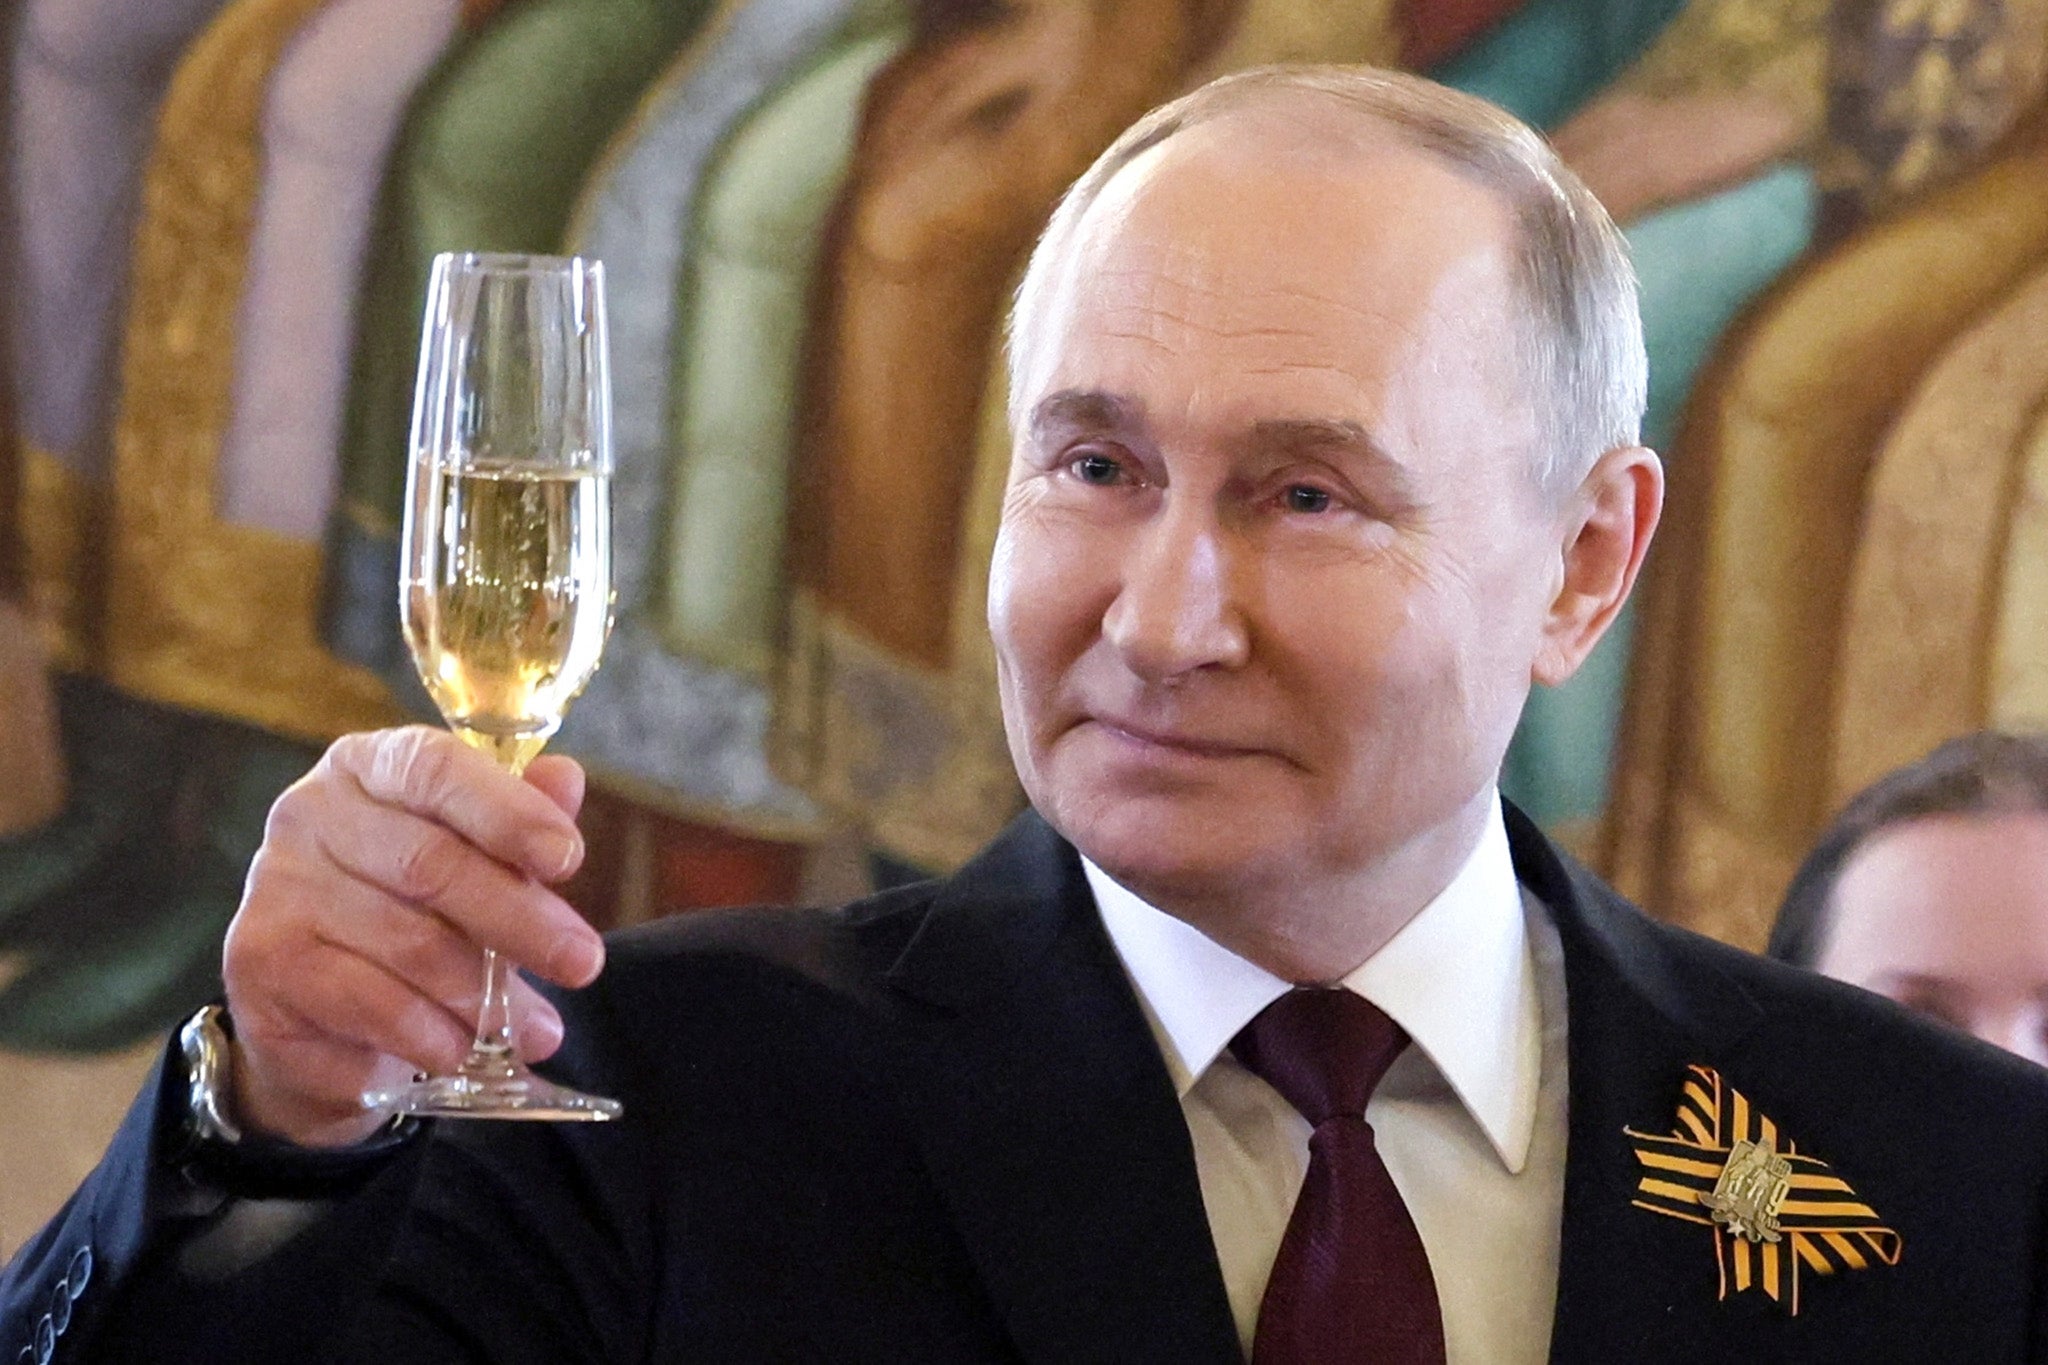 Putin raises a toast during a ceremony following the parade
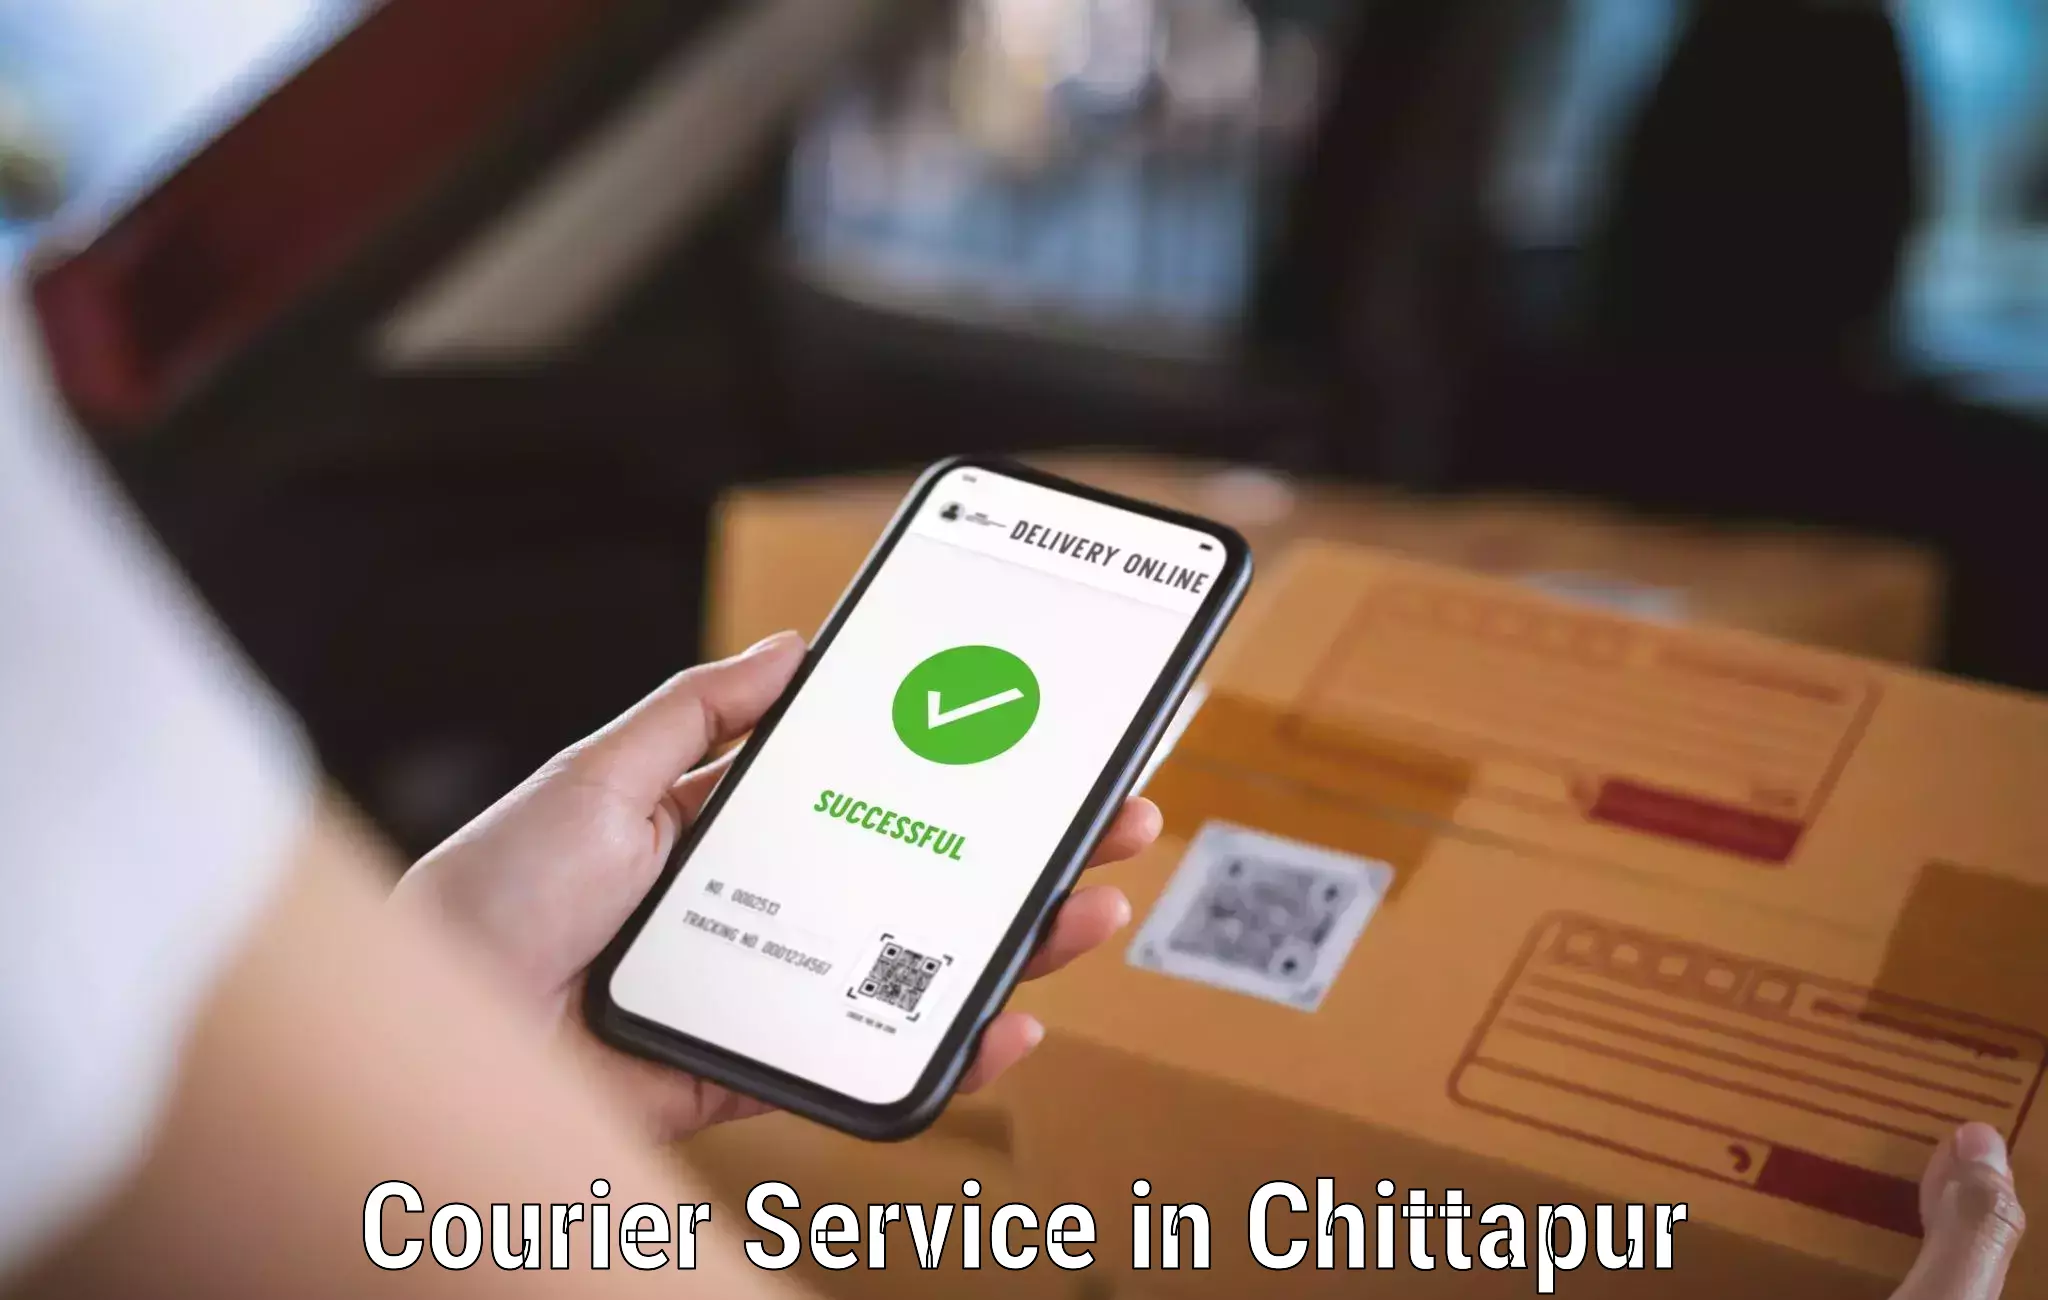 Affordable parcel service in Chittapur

##########

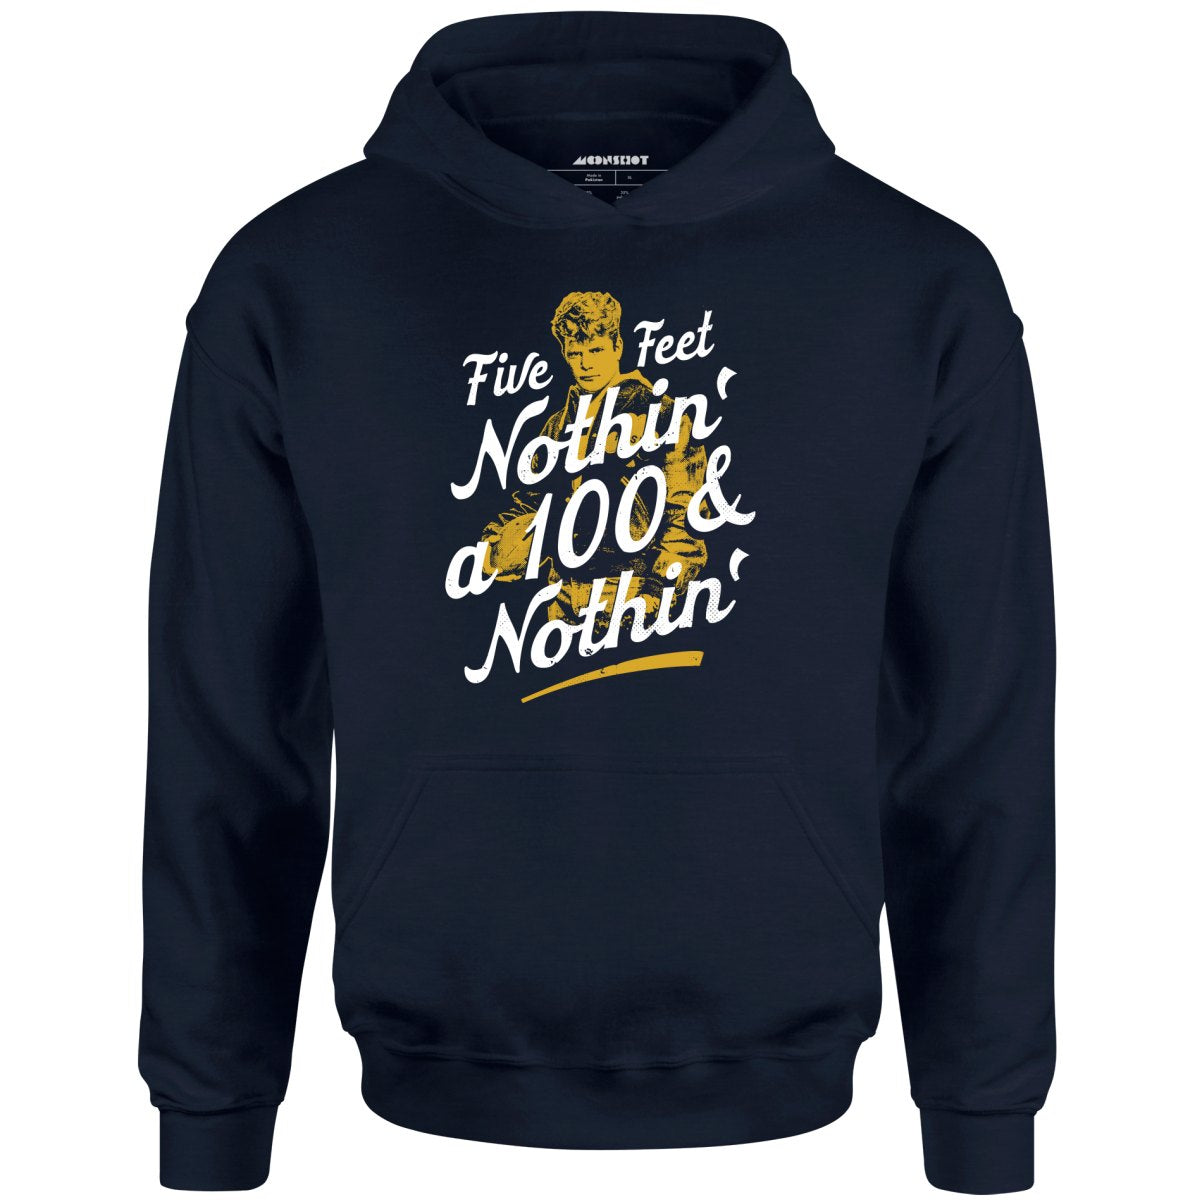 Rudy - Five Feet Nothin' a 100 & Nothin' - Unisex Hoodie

##########

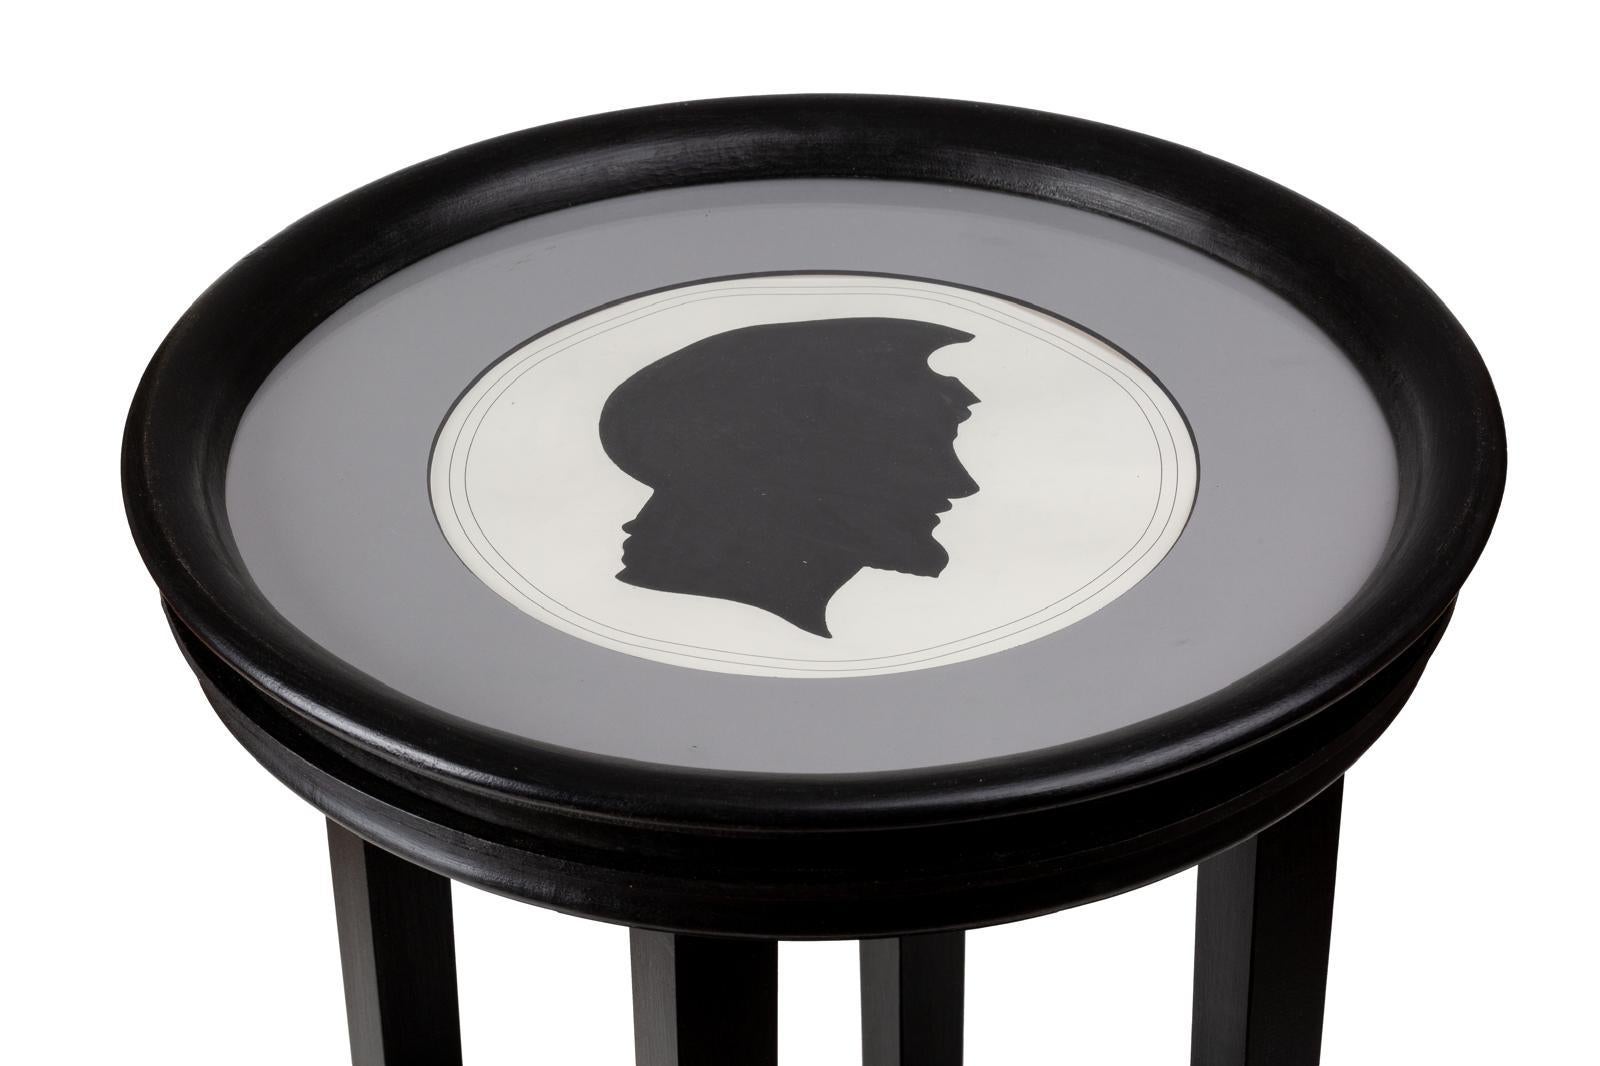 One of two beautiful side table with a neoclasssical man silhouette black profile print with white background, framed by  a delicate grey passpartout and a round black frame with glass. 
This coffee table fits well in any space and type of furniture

##########

[What this task involves] Given the records above, return the lines starting at the one that holds "One of two beautiful" and ending at the one that holds "This coffee table", exactly, and nothing besides; leave every picture out.

[Reply]
 One of two beautiful side table with a neoclasssical man silhouette black profile print with white background, framed by  a delicate grey passpartout and a round black frame with glass. 
This coffee table fits well in any space and type of furniture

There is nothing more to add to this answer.